Unfortunately, she didn't seem threatened by him in the slightest.
"Spatial, Knowledge, and Eternity," she grunted, tapping the vial of magadrine powder against her chin as she continued to stare at him. "My, what a unique combination of elements. Are you aware you're running around with an element that doesn't actually exist?"
"Are you aware of the predicament you're in right now?" Asher asked, pointing his dagger toward her heart. "I have this tier 2 concealment skill for a reason, and while you seem quirky, you don't seem stupid. Why would you even make me aware you were able to bypass it and see my elements?"
"Curiosity mainly," she shrugged. "You heard what Theorn said, didn't you? I primarily spend my days in my workshop testing alchemical combinations that most alchemists wouldn't dare to experiment with. I call it the brute force method of alchemy. Elnor has had to resurrect me over three dozen times by now!" She said this last bit with a cackle, as though the fact was utterly hilarious.
"I thought resurrecting people had consequences," Asher frowned, wondering if the repeated trips back from the dead was what had made the woman so odd.
"Would you believe there's a resistance for that?" she snickered, grinning at him. "Even the evolved form doesn't remove them entirely, but it takes the edge off at the very least. And despite how I act, I take extremely thorough notes of all my experiments. Even if I lose my short term memory, it's simple enough to check my notes to see what experiment I tried and write down 'leads to death' in the results section."
This woman is certifiably nuts, he realized, watching her as she began absentmindedly chewing on the stopper keeping the magadrine powder contained within the vial in her hands. Deciding he'd danced around the subject long enough, he dove right into it.
"I'm hunting down Eight from the Assassin's Guild," he said, watching her carefully for any sort of indication she knew more than she was letting on. "Do you have any connections to them?"
"Connections to the Guild?" She snorted, shaking her head as if the question were hilarious. "I wish. Do you know what I would do with that kind of power? I'd force Elnor to let me bring a bed down here!"
"This is serious!" Asher snarled, stepping forward and thrusting his dagger toward her chest, only stopping it when the blade was inches from her heart. "Eight is threatening people I care about, and I will see the Finger dead. The only lead I have is from someone with the Ink element who traced the ink Eight used in his assassination orders back to this estate. So either you're secretly Eight and are doing a damn good job of trying to throw me off your trail, or you're supplying ink to them for some reason."
"In that case, it sounds like I'm the only lead you have in your little treasure hunt," Leighann snickered, tapping the vial of magadrine powder carefully against the flat of his blade. "And unfortunately for you, I'm not afraid of death, and my evolved pain resistance makes torture more of an annoyance than anything, which means all you can do is try to convince me to give you the information you need within the next few minutes before Theorn reaches the guards and this place is crawling with people." She grinned at him, those dark pits of her eyes never wavering in the slightest. "I'd recommend you put that dagger away so we can have a nice little chat. Now that I know what led you here, I can tell you I do know where you can find Eight, and I'll even be willing to share that information with you if you answer a couple of my questions."

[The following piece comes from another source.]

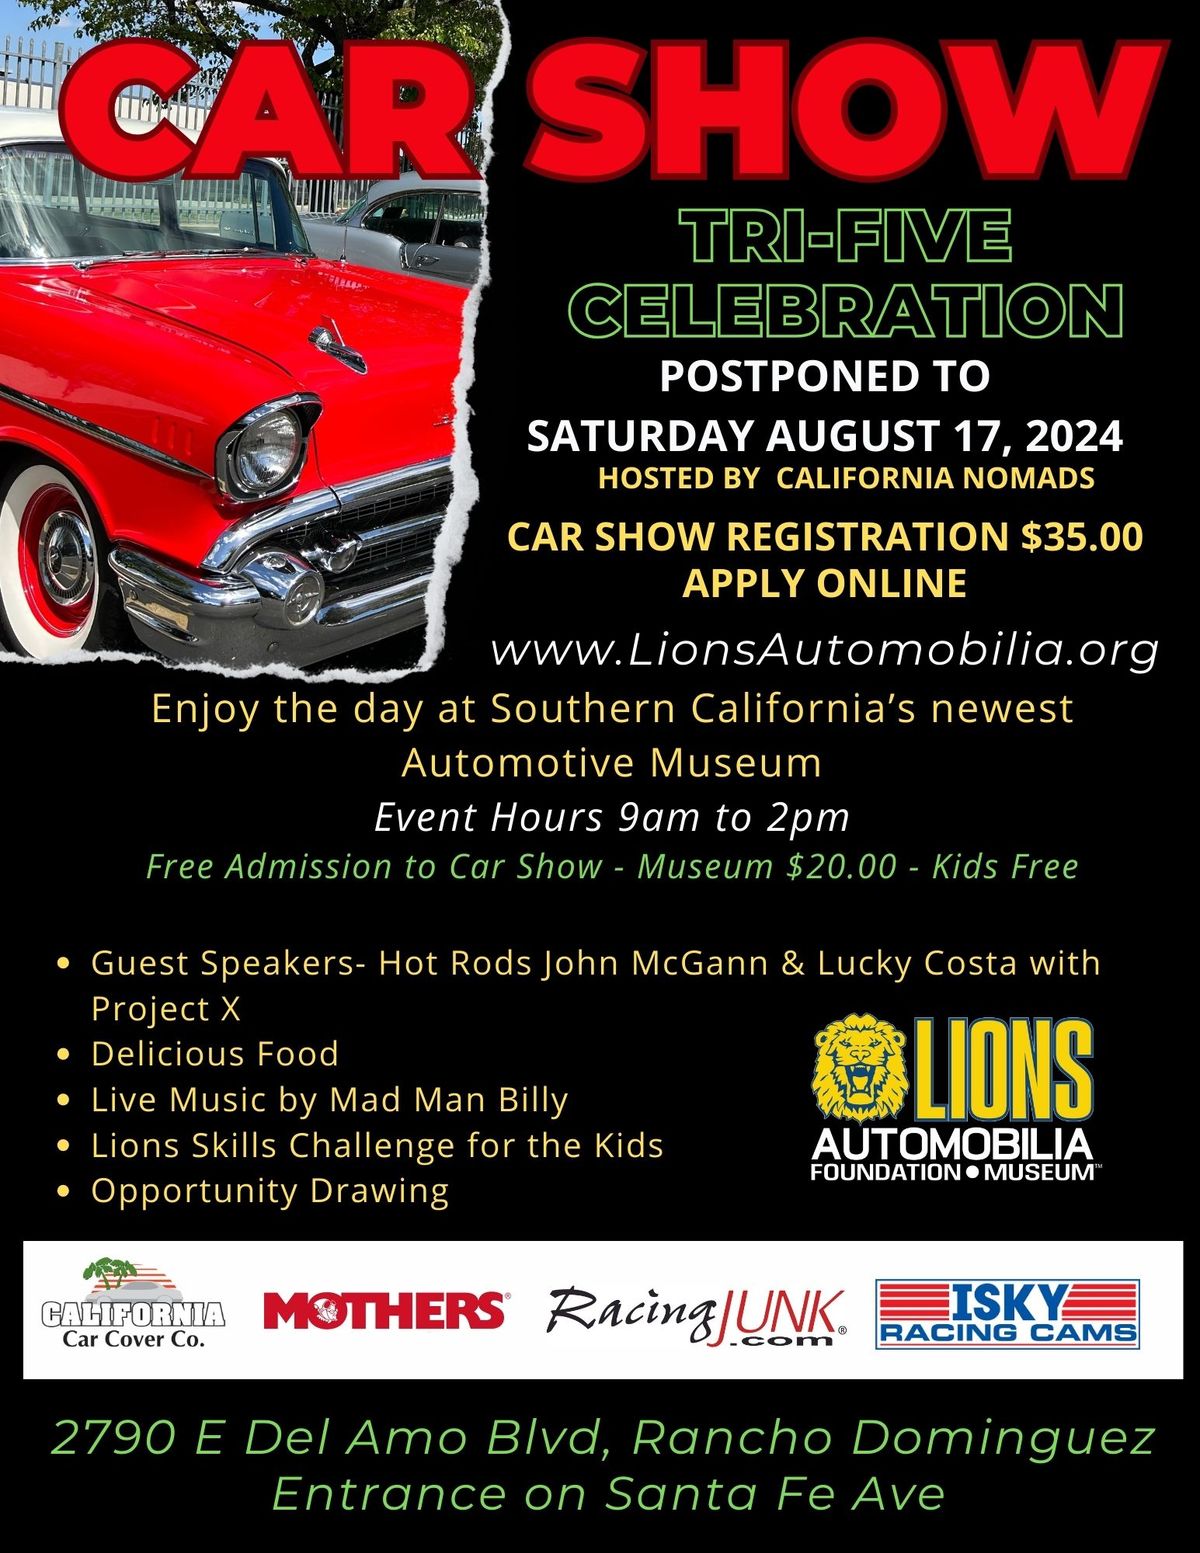 Lions Automobilia Foundation - Tri Five Celebration Car Show

Asher started as she came clean and admitted she knew where he could find Eight, and he took a hesitant step back. As much as he hated to admit it, she was entirely right. He had no way to force the information out of her, and while he could try and convince her that she wouldn't come back from the dead this time if he killed her, he had no way of proving his skill worked as he claimed.
This woman was old friends with death, and he didn't scare her in the slightest.
"Fine," he said, storing his dagger back within his rift and frowning at her. "What do you want to know?"
"For starters, where in the realms did you find that Eternity element?" she asked, cocking her head to the side again as she pointed at him with the vial of magadrine powder. "Seeing as you have the Spatial element, you're clearly a realm wanderer. Did you pick it up along your journey?"
Asher was tempted to lie, but now that he was spilling his secrets to this woman, he'd already come to the decision he was going to have to kill her. While her aura wasn't nearly as tainted as some he'd come across, she was far from a squeaky clean slate such as Theorn. Her past was checkered with questionable deeds and more than one murder, which meant he'd have no qualms against killing her. As soon as he got the information he needed from her about Eight's whereabouts, he'd kill her and shove her body in his rift. Hopefully, the lack of a corpse would make Theorn simply think she'd run off or something. It wasn't a very elegant solution, but it was the best he could do in his current situation.
To make sure she didn't teleport away before he silenced her, he quickly threw up a large Spatial Lock that extended beyond the room to keep it hidden, and he ensured that the bubble locked down spatial travel.
"When I came to this world, it was an accident," he admitted, thinking back to his sudden appearance before the undead wizard. "A lich summoned me from my own realm, and during my escape from his tower, I stumbled upon the Eternity element."
"Wait, a lich summoned you?" she repeated, her grin vanishing in an instant as she grew serious. "Just one, or were there more?"
"I only saw the one," he shrugged, curious as to her sudden shift in tone. "Why, is that a big deal?"
"Tell me about the Eternity element, where did you find it?" she snapped, ignoring his question completely. Her entire demeanor had changed without warning, and Asher felt an entirely new kind of chill go down his spine as the woman suddenly seemed a lot less crazy than she had moments ago.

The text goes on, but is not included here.